We will now go through all the above ways with some sample data-set and also learn how o make our data trainable.
Let's Start
1. One-hot encoding
One-hot encoding is a technique used to convert categorical variables into numerical values by creating a binary column for each category. It is useful for handling categorical variables with multiple levels.
For example, let's say we have a dataset of hand bags with a column called "color" that contains the following values: "red", "green", and "blue".
color | price | units |
---|---|---|
red | 500 | 2 |
green | 800 | 3 |
blue | 300 | 1 |
red | 400 | 1 |
green | 600 | 1 |
One-hot encoding would create three new binary columns, one for each unique category, with a value of 1 indicating that the category is present and a value of 0 indicating that it is not. The resulting data might look like this:
color | price | units | color_red | color_green | color_blue |
---|---|---|---|---|---|
red | 500 | 2 | 1 | 0 | 0 |
green | 800 | 3 | 0 | 1 | 0 |
blue | 300 | 1 | 0 | 0 | 1 |
red | 400 | 1 | 1 | 0 | 0 |
green | 600 | 1 | 0 | 1 | 0 |
As you can see, the original "color" column has been replaced by three new binary columns, one for each unique category. Each row now has a value of 1 in exactly one of these new columns, indicating the presence of that category.
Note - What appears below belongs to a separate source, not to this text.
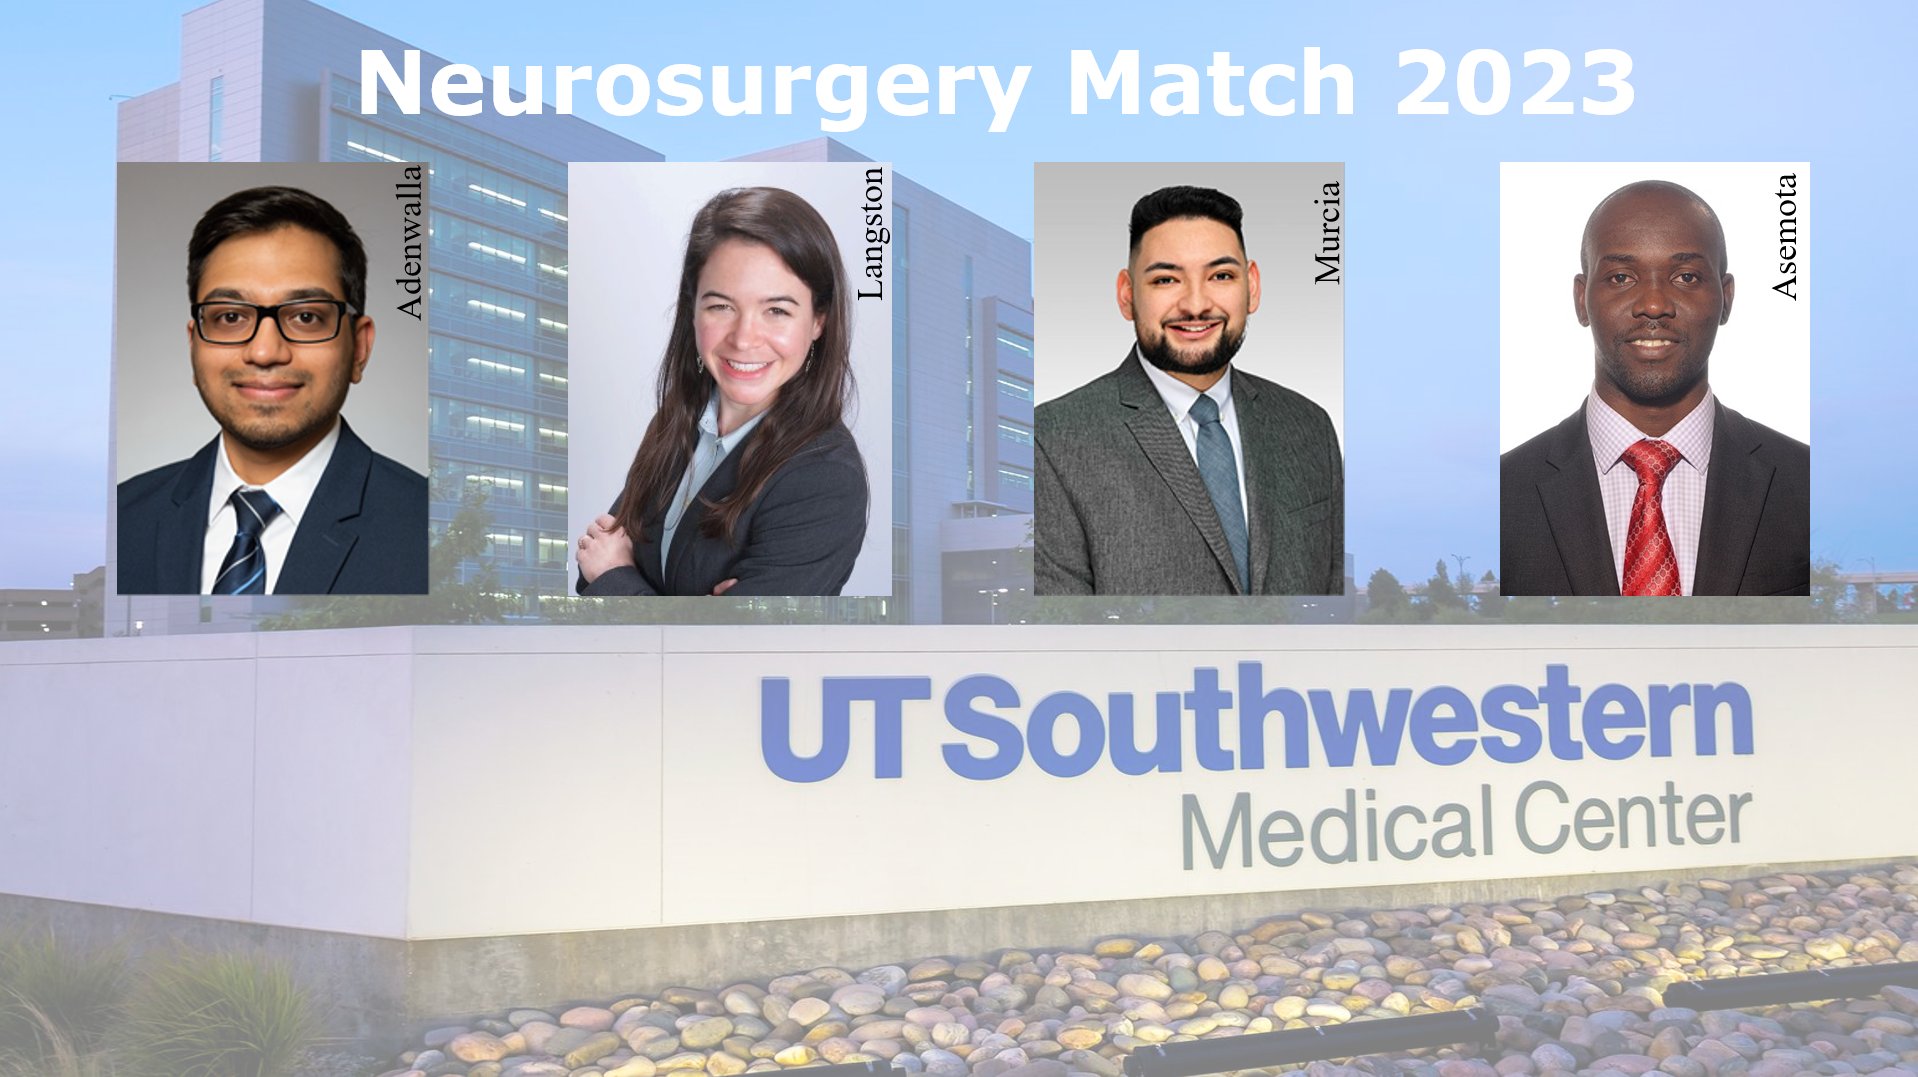 UTSW Neurosurgery on Twitter "Happy Match day!! We are so excited to

But wait, you should have one question ..... How to do it using python? So, let's do it using python.
In Python, You can use the get_dummies()
function from the pandas
library to apply one-hot encoding to the "color" column of your dataframe. Here is an example of how to do it:
import pandas as pd
# Create example dataframe
df = pd.DataFrame({'color': ['red', 'green', 'blue', 'red', 'green'],
'price': [500, 800, 300, 400, 600],
'units': [2, 3, 1, 1, 1]})
# Apply one-hot encoding to "color" column
df_encoded = pd.get_dummies(df, columns=['color'])
print(df_encoded)
Alternatively, you can use the OneHotEncoder
class from the sklearn.preprocessing
library to apply one-hot encoding.
from sklearn.preprocessing import OneHotEncoder
# Create example dataframe
df = pd.DataFrame({'color': ['red', 'green', 'blue', 'red', 'green'],
'price': [500, 800, 300, 400, 600],
'units': [2, 3, 1, 1, 1]})
# Create an instance of the encoder
encoder = OneHotEncoder(sparse=False)
# Fit and transform the "color" column
color_encoded = encoder.fit_transform(df[['color']])
# Create new dataframe with the encoded values
df_encoded = pd.concat([df.drop(columns=['color']), pd.DataFrame(color_encoded, columns=encoder.get_feature_names(['color']))], axis=1)
print(df_encoded)
The resulting dataframe will look the same as the previous one, but the columns will have a prefix 'color_x0_' rather 'color'.
2. Label encoding
Label encoding is a technique used to convert categorical variables into numerical values by assigning a unique integer value to each category. It is useful for handling ordinal variables, where the order of the categories matters.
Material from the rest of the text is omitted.